The Pope spoke of a handful of ways to recognize spiritual consolation, which is a gift from God:

• It is an experience of interior joy, consisting in seeing God’s presence in everything. 
• To be consoled is to be at peace with God, to feel that everything is settled in peace, everything is in harmony within us.
• Above all, consolation affects hope, and reaches out toward the future, puts us on a journey ...

But as beautiful as consolation is, we can't program it. It comes as pure gift from God, the Pope explained.

"It is a gift of the Holy Spirit," he said. And when it comes, "It allows familiarity with God that seems to cancel distances."

This is what happened to 14-year-old Thérèse of Lisieux when she traveled to Rome at age 14, the Pope said. When she was at the Basilica of Santa Croce in Gerusalemme, she tried to touch one of the nails of the crucifixion venerated there:

Therese understood her daring as a transport of love and confidence. Later, she wrote, “I truly was too audacious. But the Lord sees the depths of our hearts. He knows my intention was pure […] I acted with him as a child who believes everything is permissible and who considers the Father’s treasures their own” (Autobiographical Manuscript, 183).

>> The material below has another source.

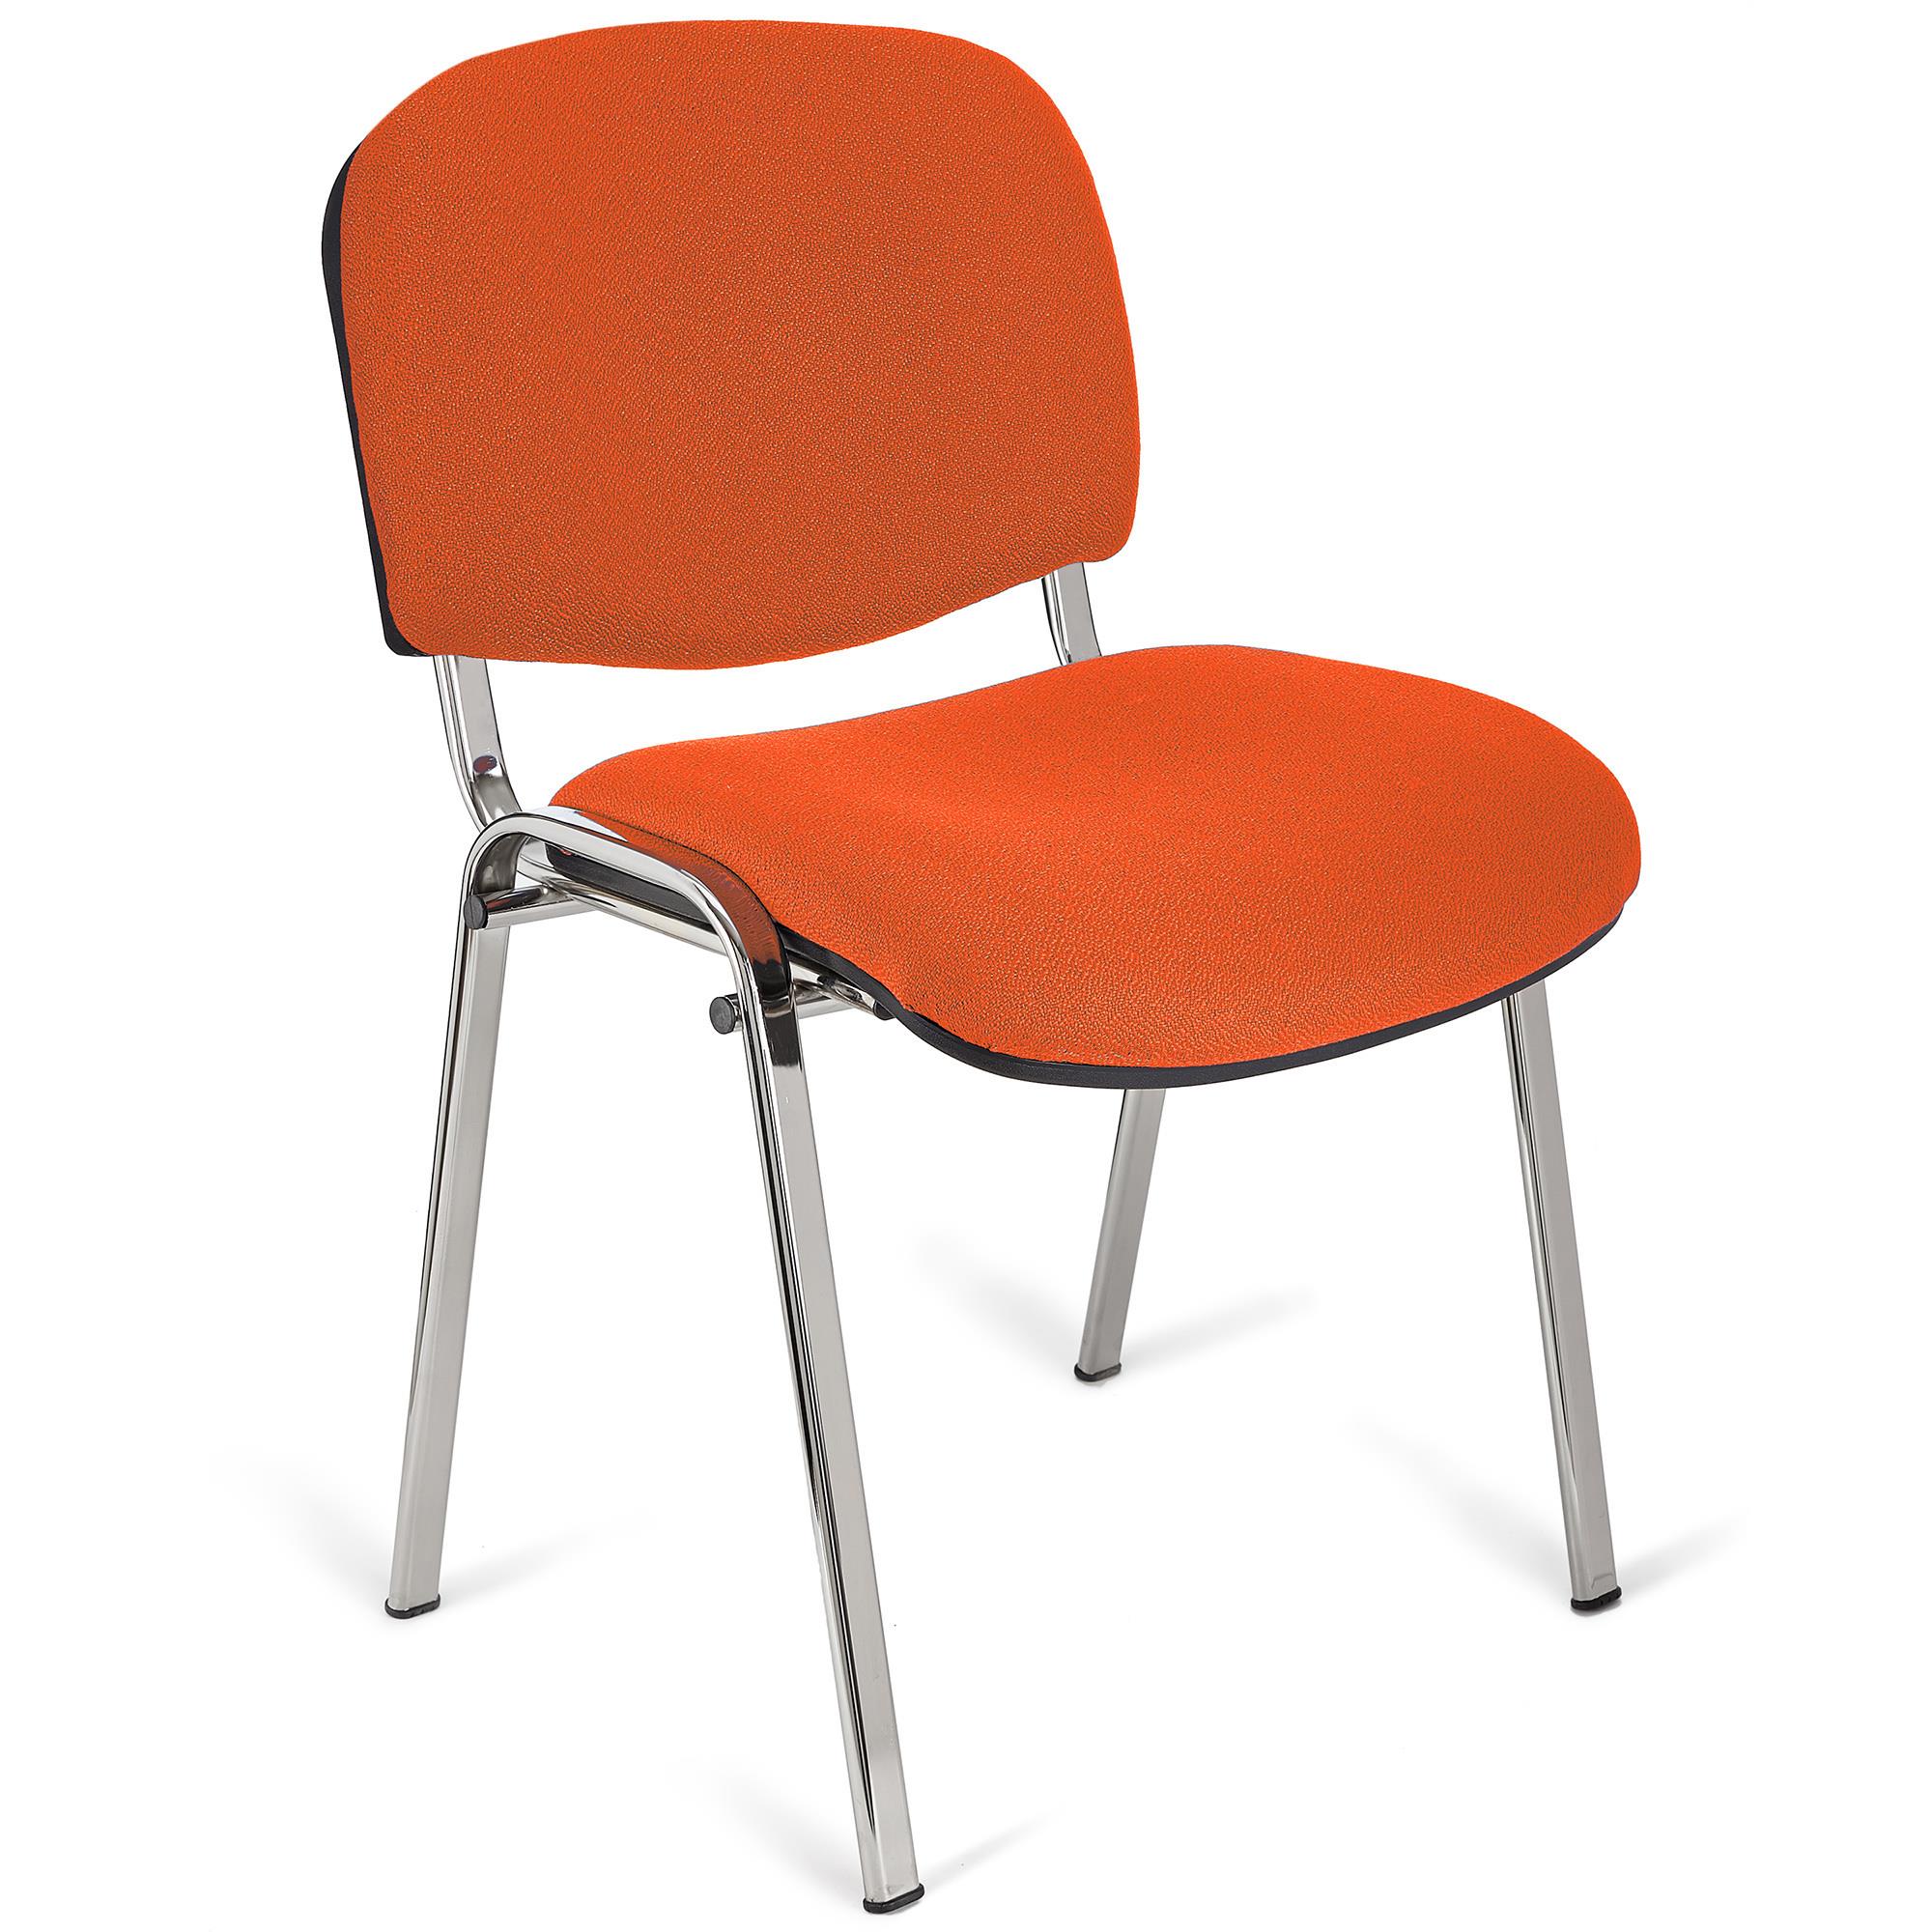 Konferenzstuhl MOBY BASE mit verchromten Stuhlbeinen, bequem und praktisch, stapelbar, Farbe Orange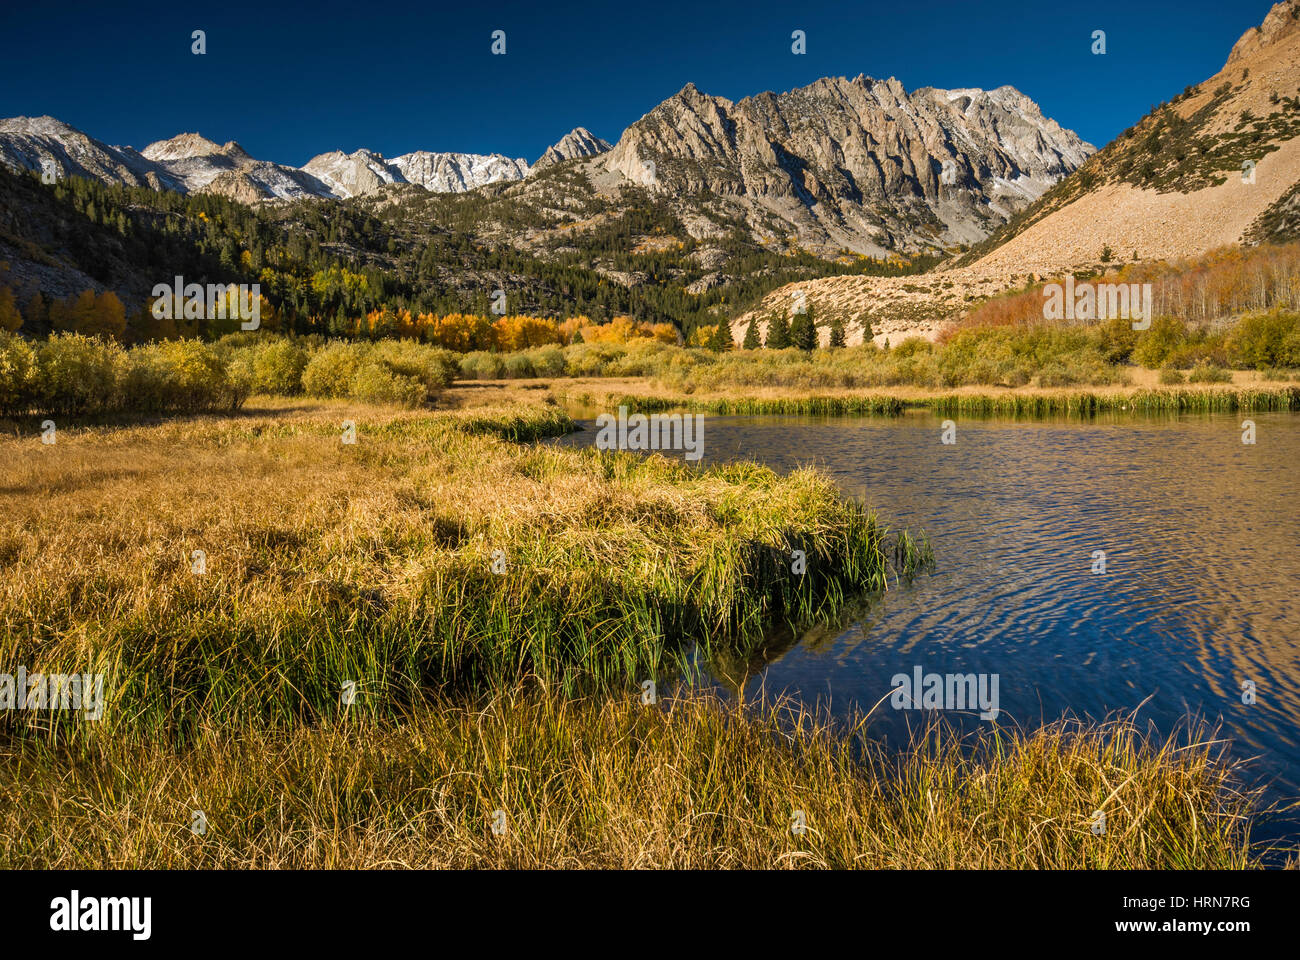 Dans le bassin nord du lac Sabrina, Mt. Lamarck à grande distance, l'évolution nationale, John Muir Wilderness, est de la Sierra Nevada, Californie, USA Banque D'Images

Consolation is spontaneous. Consolation leads you to do everything spontaneously, as if we were children. Children are spontaneous, and consolation leads you to be spontaneous with a tenderness, with a very deep peace. A 14-year-old girl gives us a splendid description of spiritual consolation.

His house is my house ...

Drawing from this, the Pope said that with consolation we can "feel a sense of tenderness toward God that makes us audacious in our desire to participate in his own life, to do what is pleasing to him because we feel familiar with him, we feel that his house is our house, we feel welcome, loved, restored."

With this consolation, we do not give up in the face of difficulty – in fact, with the same boldness, Therese would ask the Pope for permission to enter Carmel even though she was too young, and her wish was granted.

What does this mean? It means that consolation makes us daring. When we find ourselves in a moment of darkness, of desolation, we think: “I am not capable of doing this, no….” Desolation brings you down. Everything is dark…. “No, I cannot do this … I will not do it.”

Instead, in times of consolation, the same things – “No, I am going ahead. I will do it.” “But are you sure?” “I feel God’s strength and I am going ahead.”

And so, consolation pushes you to go ahead and to do those things that you would not be capable of doing; it pushes you to take the first step. This is what is beautiful about consolation.

But still discern ...

Nevertheless, the Pope warned that we have to be careful: "We must distinguish well between the consolation that comes from God and false consolations."

Something similar happens in the spiritual life that happens in human productions: There are originals and there are imitations. If an authentic consolation is like a drop on a sponge, is soft and intimate, its imitations are noisier and flashier, they are pure enthusiasm, like straw fires, lacking substance, leading us to close in on ourselves and not to take care of others. In the end, false consolation leaves us empty, far from the center of our existence. For this reason, when we feel happy, at peace, we are capable of doing anything. But let’s not confuse that peace with passing enthusiasm because there’s enthusiasm today, but then it is taken away and is no more.